- Data excerpts:
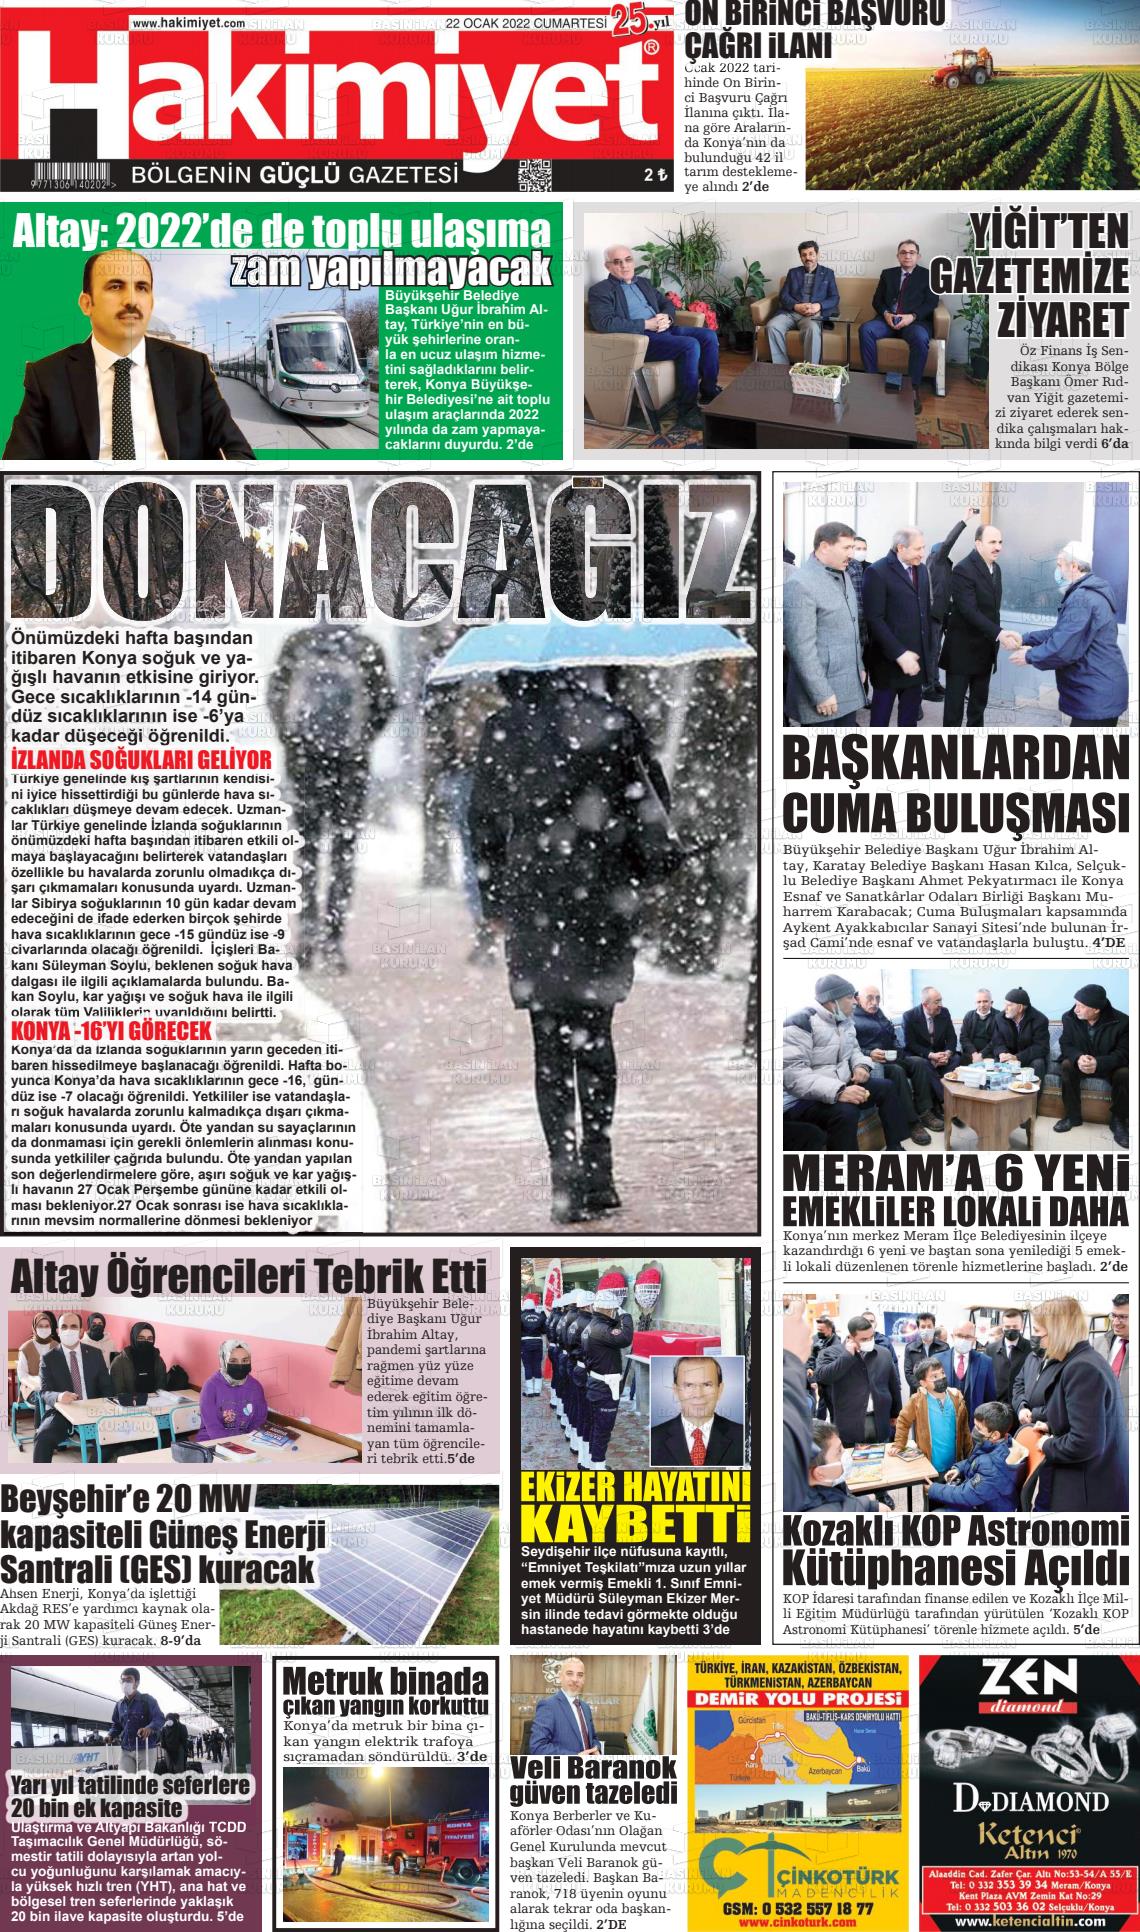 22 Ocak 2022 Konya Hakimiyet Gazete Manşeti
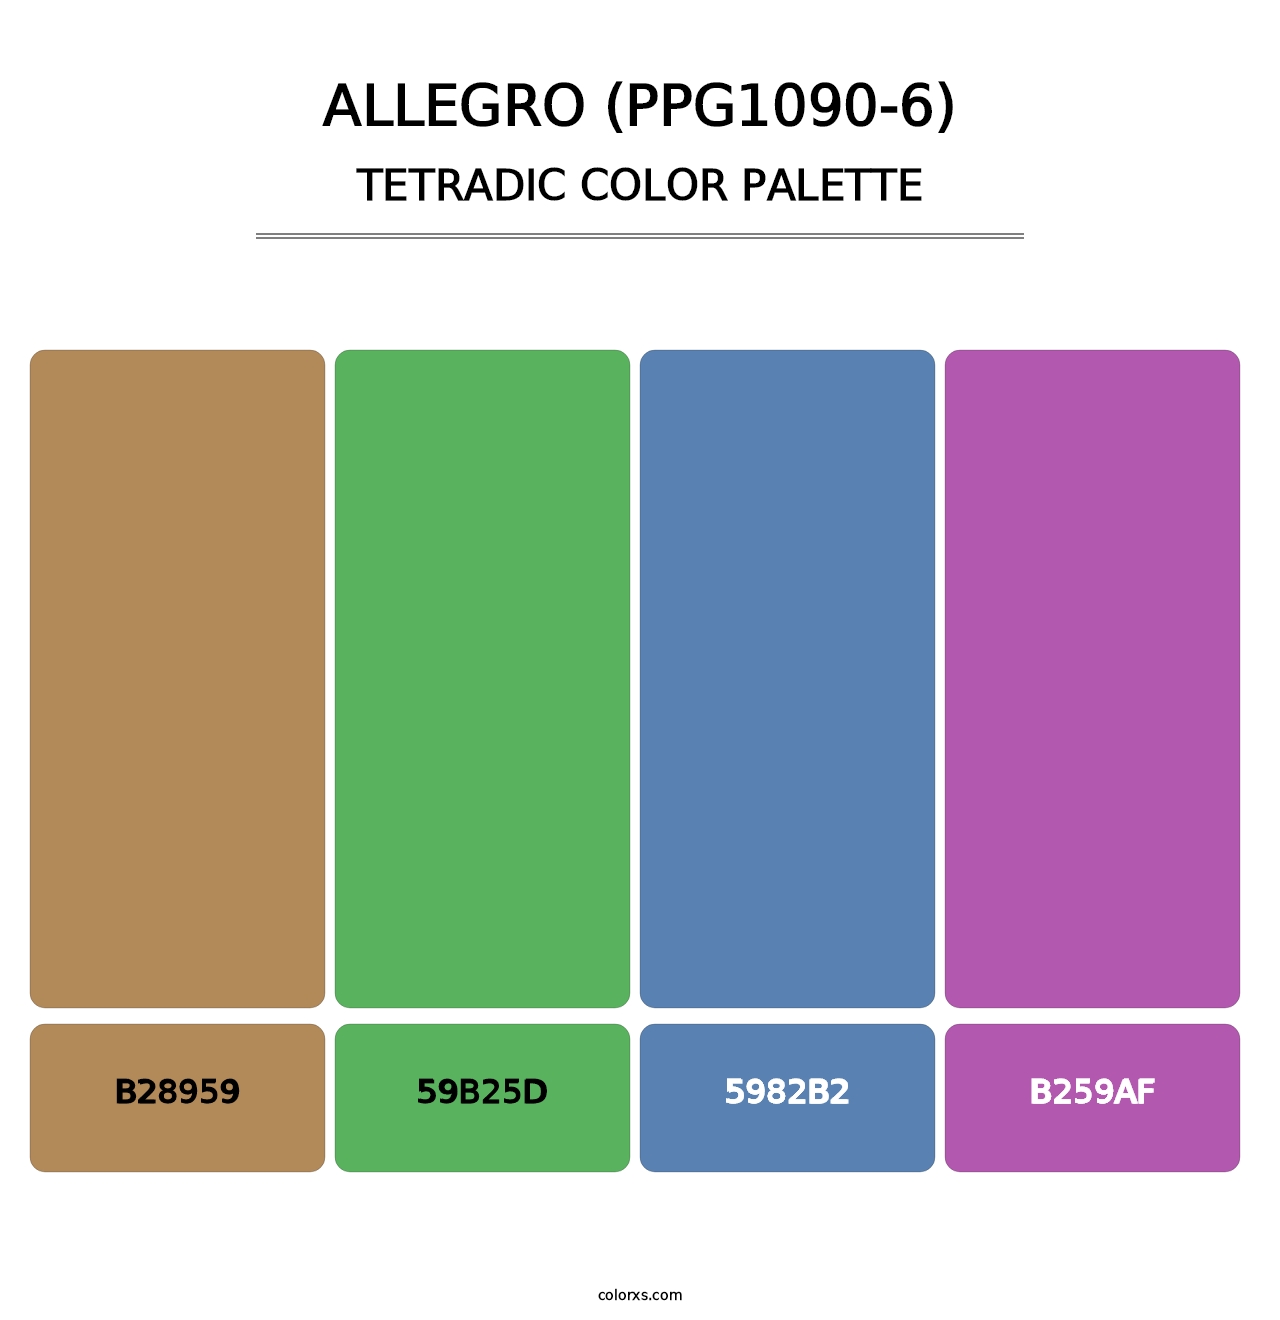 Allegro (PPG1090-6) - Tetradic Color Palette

--

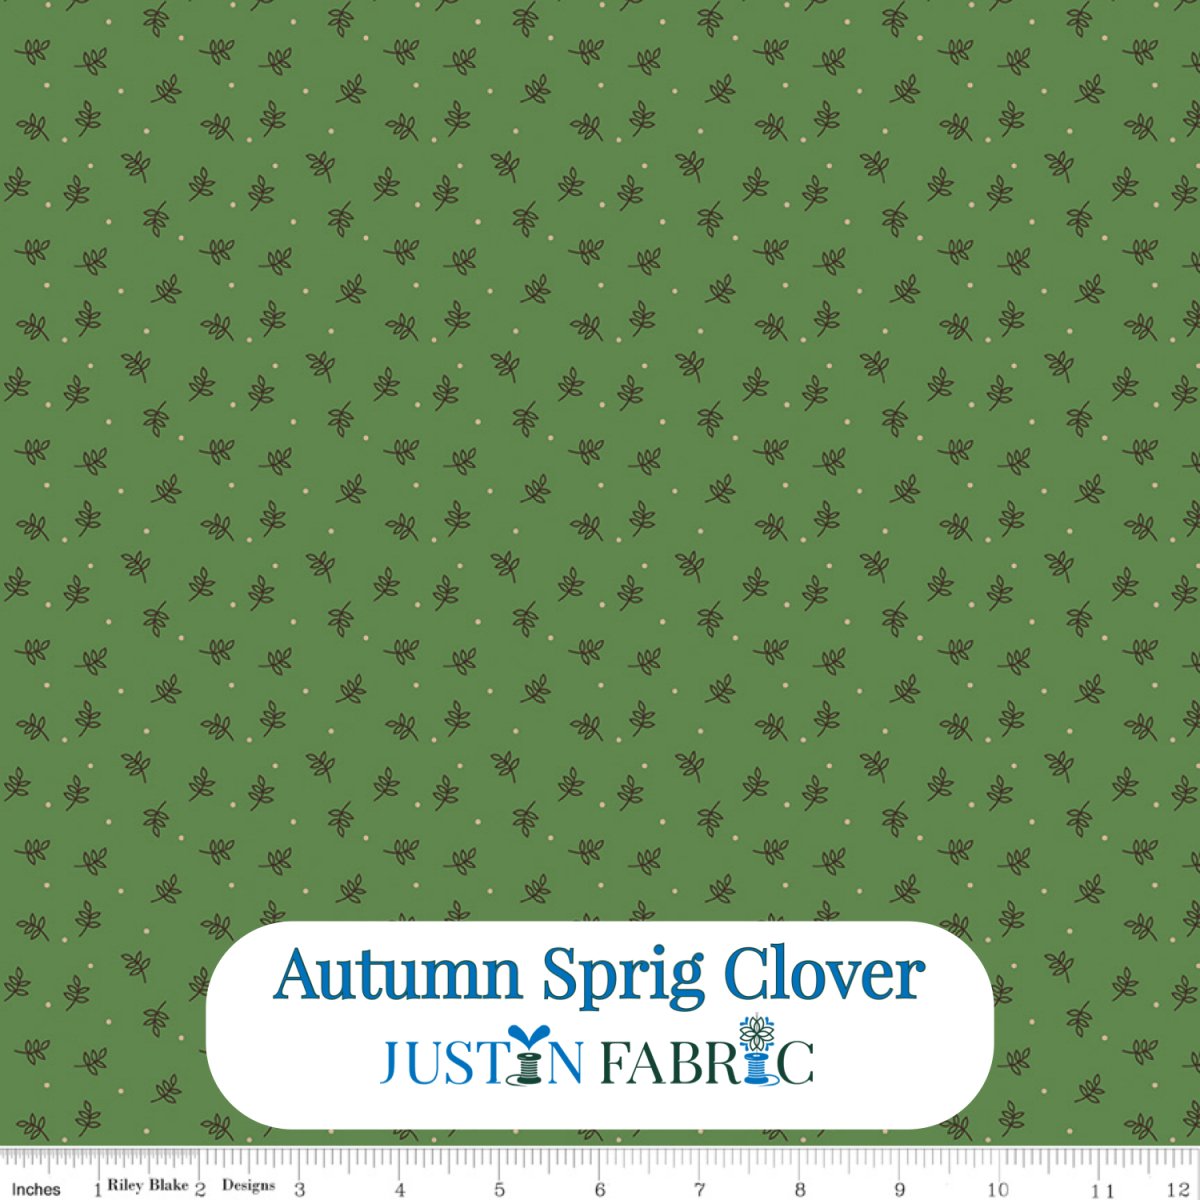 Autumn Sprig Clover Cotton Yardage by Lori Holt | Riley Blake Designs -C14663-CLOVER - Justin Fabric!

==

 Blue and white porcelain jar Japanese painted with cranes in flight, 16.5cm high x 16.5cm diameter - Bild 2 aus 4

- Work required: Starting with the line above that holds "22 Ocak 2022 Konya Hakimiyet Gazete Manşeti", restate each line word for word up to and including the line that holds "Allegro (PPG1090-6) - Tetradic Color Palette". Drop the pictures.

- Exercise result:
 22 Ocak 2022 Konya Hakimiyet Gazete Manşeti
 Allegro (PPG1090-6) - Tetradic Color Palette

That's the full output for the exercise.